This might work for you (GNU sed):
sed -i -r 's/\S+//3' file
If you want to delete the white space before the 3rd field:
sed -i -r 's/(\s+)?\S+//3' file
It seems you could simply go with
awk '{print $1 " " $2}' file
This prints the two first fields of each line in your input file, separated with a space.
Try using cut... its fast and easy
First you have repeated spaces, you can squeeze those down to a single space between columns if thats what you want with tr -s ' '
If each column already has just one delimiter between it, you can use cut -d ' ' -f-2 to print fields (columns) <= 2.
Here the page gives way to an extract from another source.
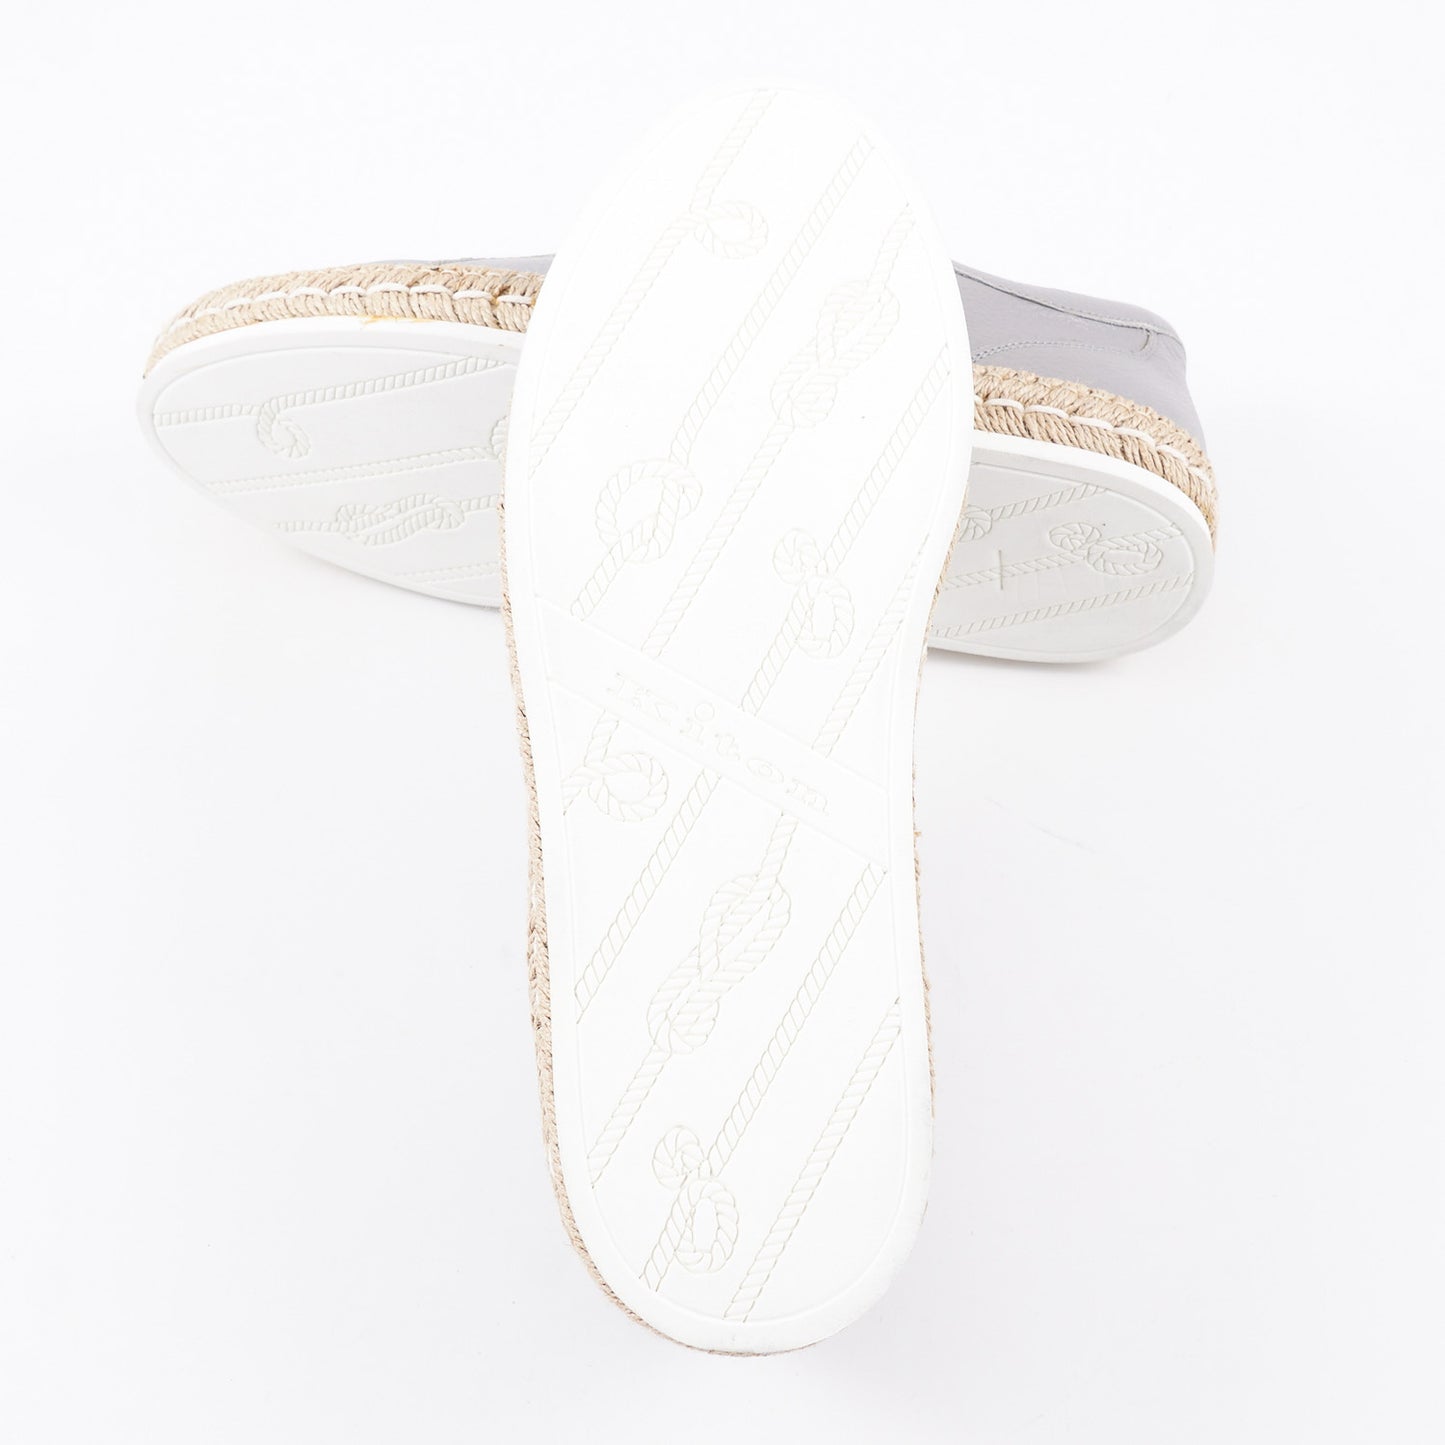 Kiton Soft Calf Leather Sneakers - Top Shelf Apparel

for example if your data is in a file input.txt you can do one of the following:
cat input.txt | tr -s ' ' | cut -d ' ' -f-2
Or if you better reason about this problem by removing the 3rd column you can write the following
cat input.txt | tr -s ' ' | cut -d ' ' --complement -f3
cut is pretty powerful, you can also extract ranges of bytes, or characters, in addition to columns
excerpt from the man page on the syntax of how to specify the list range
Each LIST is made up of one range, or many ranges separated by commas.
Selected input is written in the same order that it is read, and is
written exactly once. Each range is one of:
N N'th byte, character or field, counted from 1
N- from N'th byte, character or field, to end of line
N-M from N'th to M'th (included) byte, character or field
-M from first to M'th (included) byte, character or field
so you also could have said you want specific columns 1 and 2 with...
cat input.txt | tr -s ' ' | cut -d ' ' -f1,2
Try this :
awk '$3="";1' file.txt > new_file && mv new_file file.txt
or
awk '{$3="";print}' file.txt > new_file && mv new_file file.txt
Try
awk '{$3=""; print $0}'
If you're open to a Perl solution...
perl -ane 'print "$F[0] $F[1]\n"' file
These command-line options are used:
-n loop around every line of the input file, do not automatically print every line
-a autosplit mode – split input lines into the #F array. Defaults to splitting on whitespace
-e execute the following perl code